Morelli and Super Consumers expects the Quality of Advice Review to pick up this issue and deal with the actual problem facing consumers.
 
Mennen said a clear delineation was needed because consumers have a high level of trust in their adviser, opening the door for exploitation.
 
“The reality is that once trust is built in an adviser-consumer relationship, which advisers are very good at building, consumers ask very few questions and they go along with the process and they sign paperwork without going through it with a fine-tooth comb,” Mennen said.
 
“When it turns out that the product is no good, and that it is tainted by conflicts of interest, for example, then [the consumer] comes back and says, ‘why did you give me this product?’
 
“And the adviser says ‘hey, we just gave you a brochure and here’s a general advice warning, and here’s the bit you signed on page 37’.
 
“So that’s a poor system for a consumer to be in and we need to deal with that problem.”
 
POSSIBLE AMENDMENTS
 
To address this concern, Mennen proposed an amendment to the Act in his submission which would reframe this definition of personal product advice so that, whether or not personal advice is given is based on the subjective understanding of the consumer.
 
He said this could be done through a fact-find exercise by the adviser, as well as through educational conversations with clients.
 
“Now of course, that understanding has to be reasonable.
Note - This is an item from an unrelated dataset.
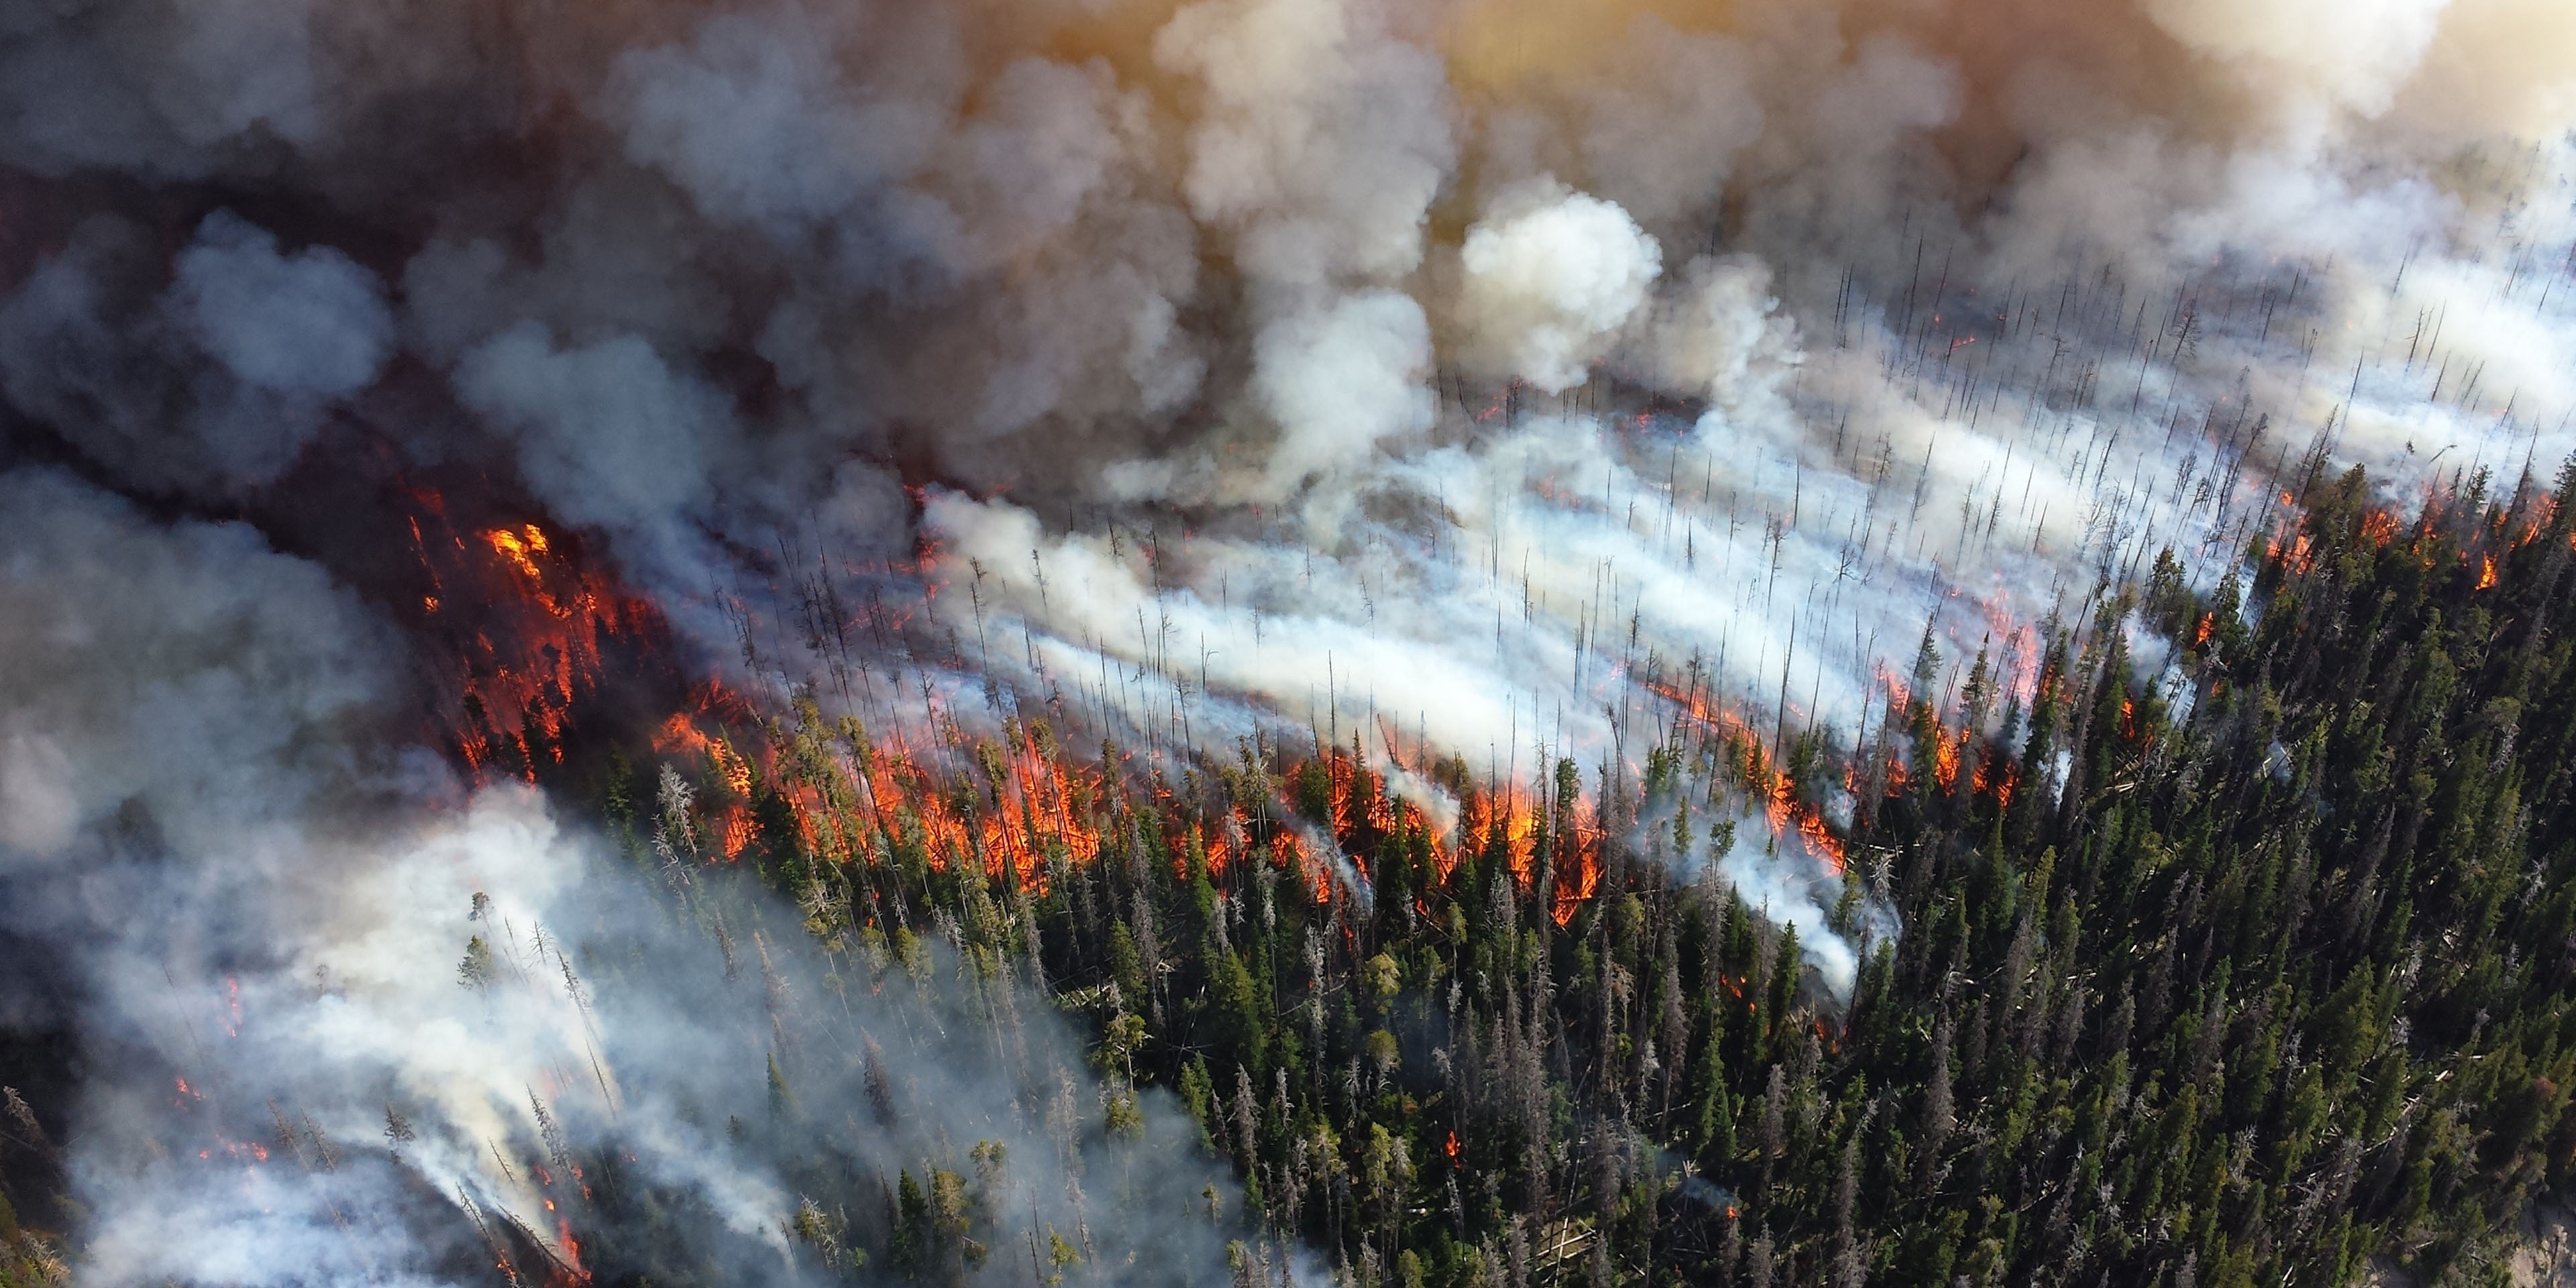 Aerial view of forest fire showing flaming trees and smoke-filled air.

And you can determine the reasonableness on the facts and the evidence,” Mennen said.
 
“But if a consumer reasonably believes that they’re receiving tailored advice, then it’s tailored advice. And I believe that the legal definition should confirm that that’s the case.”
 
Mennen gave support for his proposal by stating, under common law, the general advice warning was not, in and of itself, enough to protect a financial services provider.
 
He referred to a High Court decision against Westpac in which the bank was fined $10.5 million for actively conducting a sales campaign aimed at rolling customers from their existing superannuation accounts into Westpac superannuation products.
 
“What they were doing is a good example of a huge problem in the industry, around vertical integration.
 
“The super fund [thought] ‘where can we get more members? Well we’ve got a beautiful opportunity to get them from our parent company’s customer banking list.”
 
“I referenced that as further support for the proposition that it should be about the consumer’s own personal understanding of the relationship.”